¹⁰ Became a nun – The Heike records this as one tradition. Becoming a nun (ama) was a common posthumous narrative device for warrior women who survived their lords, allowing them to exit history with dignity. Compare to the legendary fate of Yang Yuhuan (Yang Guifei) in some versions of her story—death by strangulation, but later traditions have her flee to Japan as a nun.
¹¹ “Beautiful, and strong as a hundred men—and last” – The Heike’s original passage (Book IX, section 16) describes her as “beautiful in countenance, and strong as a hundred warriors, able to match even a demon or a god.” The word “last” is my addition. It plays on the Heike’s famous opening theme: the mighty fall, but beauty lingers in the telling. Tomoe is “last” in the sense that she survives the battle in legend, even if she perished in fact.
My days are spent in contemplation, now, staring at the ripples on the water.
The mouths of koi sip at the air when they see my hand pass close.
Before, there was only the discipline of the Way.

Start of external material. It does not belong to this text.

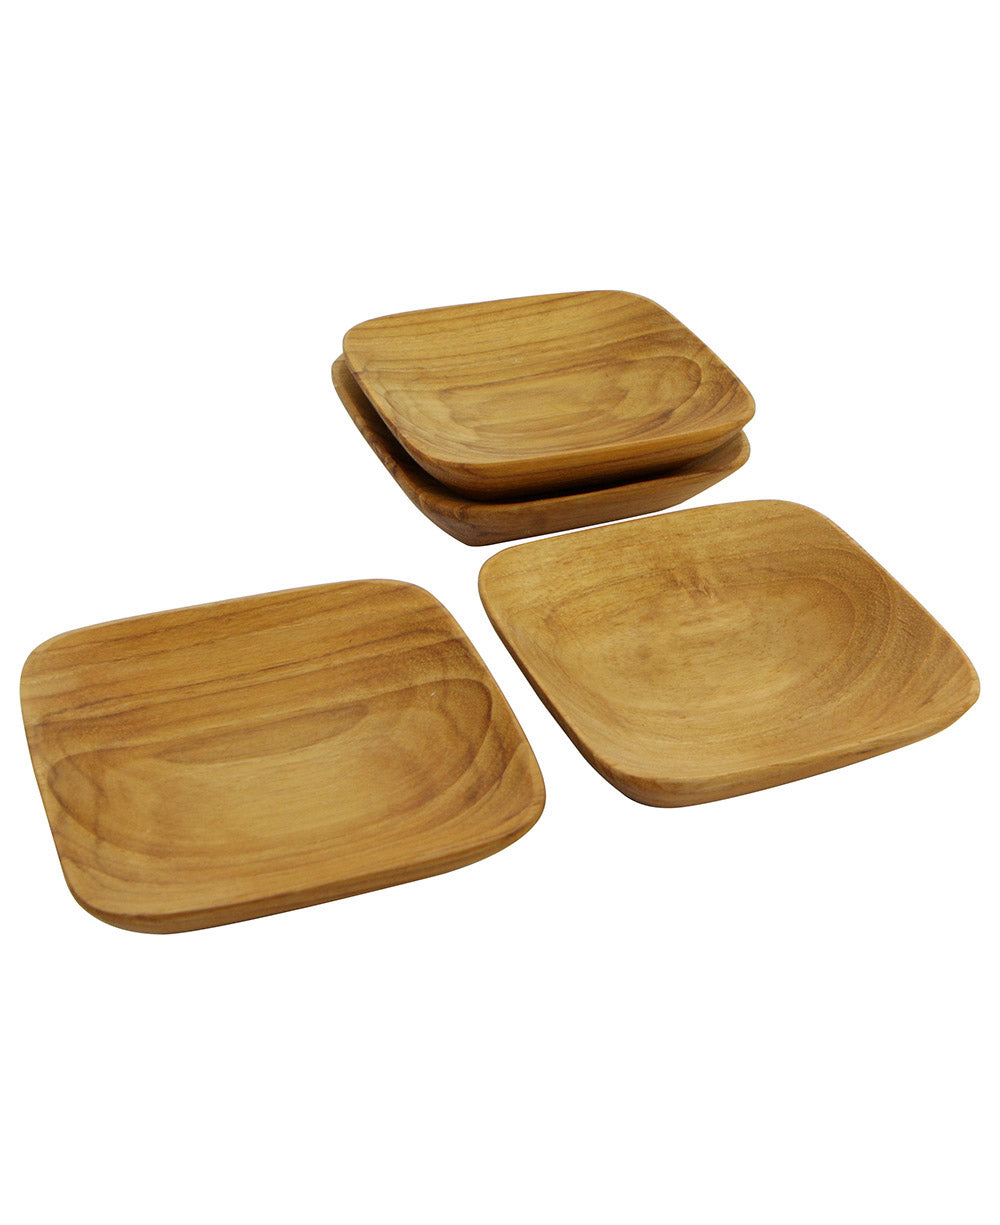 Wooden Pinch Bowls

My path was never marked by glory, nor piled with my slain foes. I only remember the sound of whistling steel, making its inevitable way towards my throat. The sound of the rains on the parched, hard dirt roads, and the way they became a morass. I remember the blood-sucking flies, and mosquitoes. And my suitou, my gourd, perpetually half-full of spirits.
The heat became rains, became blossoms for a week, became the long sordid summer. For a penniless samurai, with only an etched sword to his name, and dusty feet, the road was measured in seasons; miserable heat, to miserable cold.

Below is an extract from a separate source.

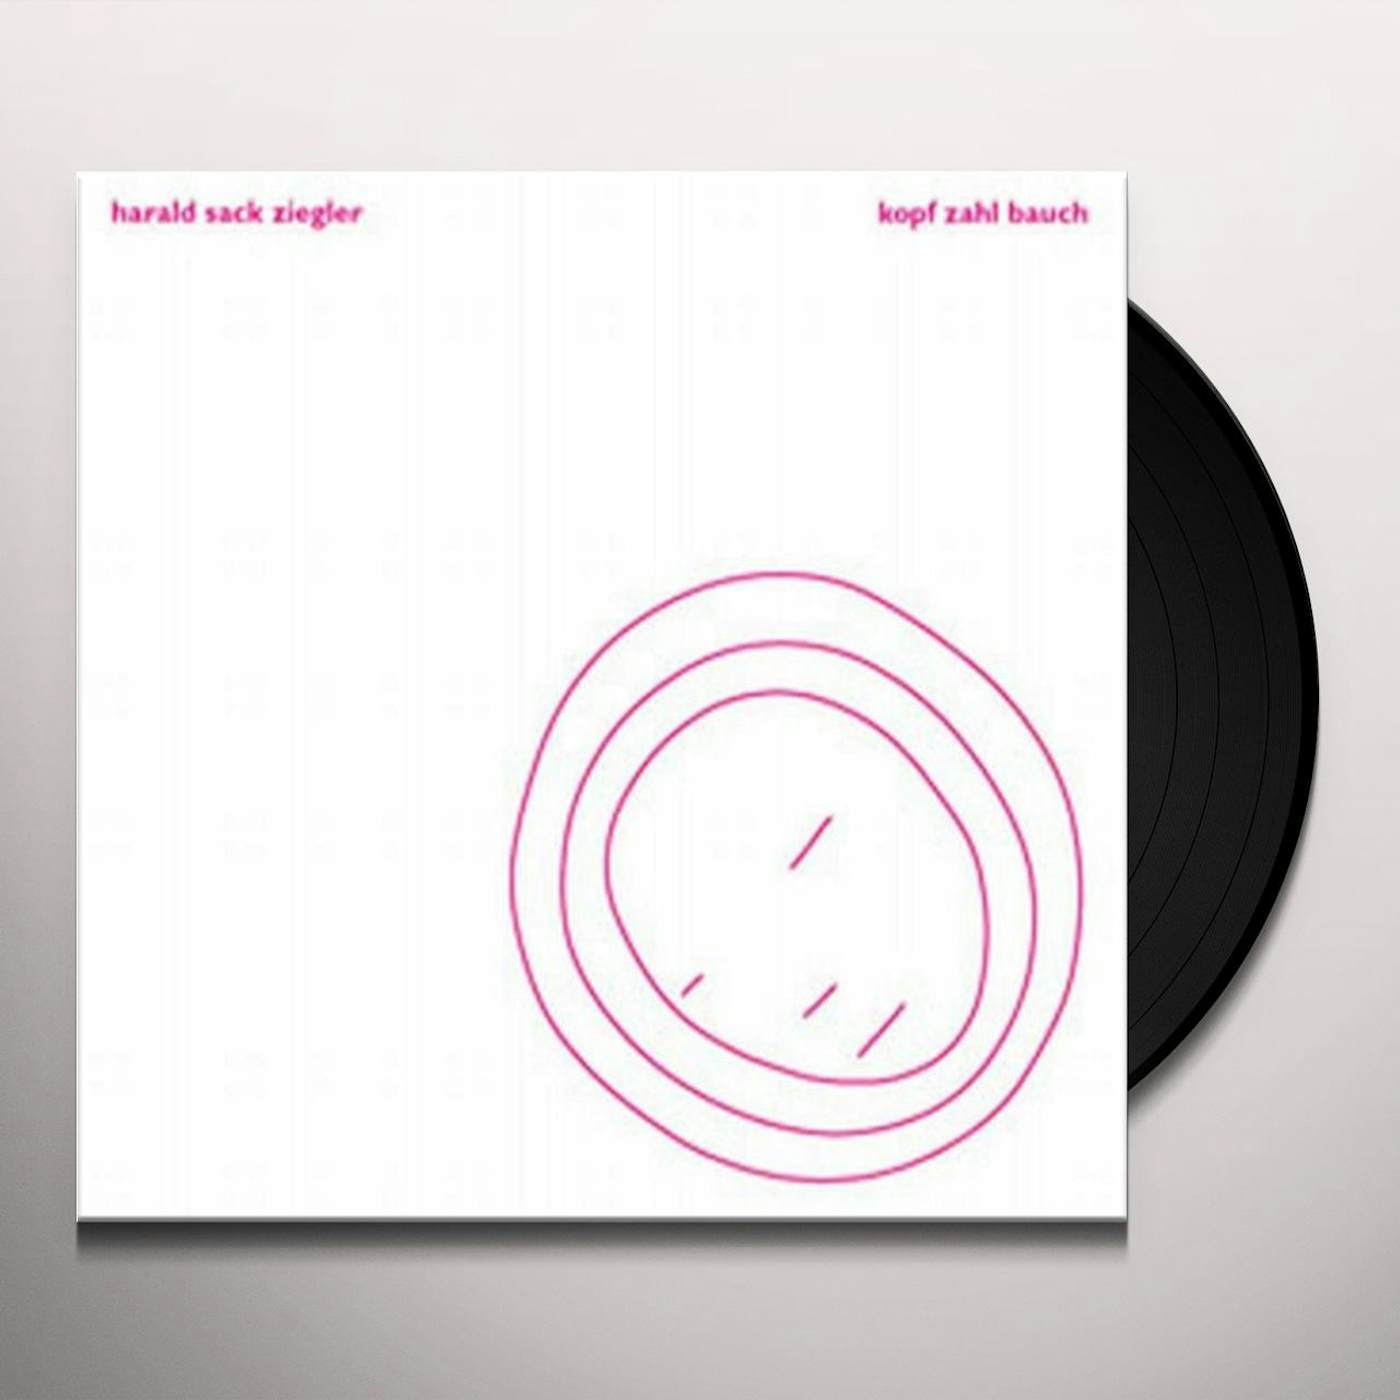 Harald Sack Ziegler Kopf Zahl Bauch Vinyl Record

The aftermath of war—is heard before it is seen. And smelled, as well. Crows call out a litany to their brethren, a calculus of death that factors the corpses of every clan.
There is only stillness, beyond the birds calling, low croaking exchanges in their guttural tongues, bargaining for access to the banquet.
After Awazu, there was stillness.
I was there, in the push of pike. Fighting on foot, with the lowly ashigaru. I was in a shameful state, unwashed for days and barely able to stand, let alone fight. And as a further indignity, I watched the onna-musha, Tomoe Gozen, ride into the enemy, and best 5 retainers before striking down the chief retainer of the Hojo daimyo. She rode through the spray of his blood and into the West. The air steamed with horse breath and blood-heat and fury. She rode through us, a lone warrior carrying a lord’s name on her lips in a reckless charge at death—or escape.
It was a feat I will remember until my grave claims me.
Bravery in the face of death, is remarkable. Bravery in the face of a doomed cause, in the eyes of a dying lord, in the bond of a loyal companion, becomes legend. Whether she escaped or took her own life, no one knows. There are tales that speak of her as a nun, as traveling to the mainland, as finding a new lord to serve. No tales tell of cold death, alone in a snow bank. Or of being a fugitive ghost.
Wayward samurai, disappearing into their destiny, do not intrude in this garden. I am not an adherent of the Way. My sword is kept in its sheath.
Cherry blossoms litter the walk, like the fallen at Awazu.


Mike this turned out wonderfully! I always love when we do cooperations because they stretch the boundaries of my academic and creative ability. Your poem is a perfect mirror to my historical backdrop.🙌🏼🩷
"Bravery in the face of a doomed cause, in the eyes of a dying lord, in the bond of a loyal companion, becomes legend."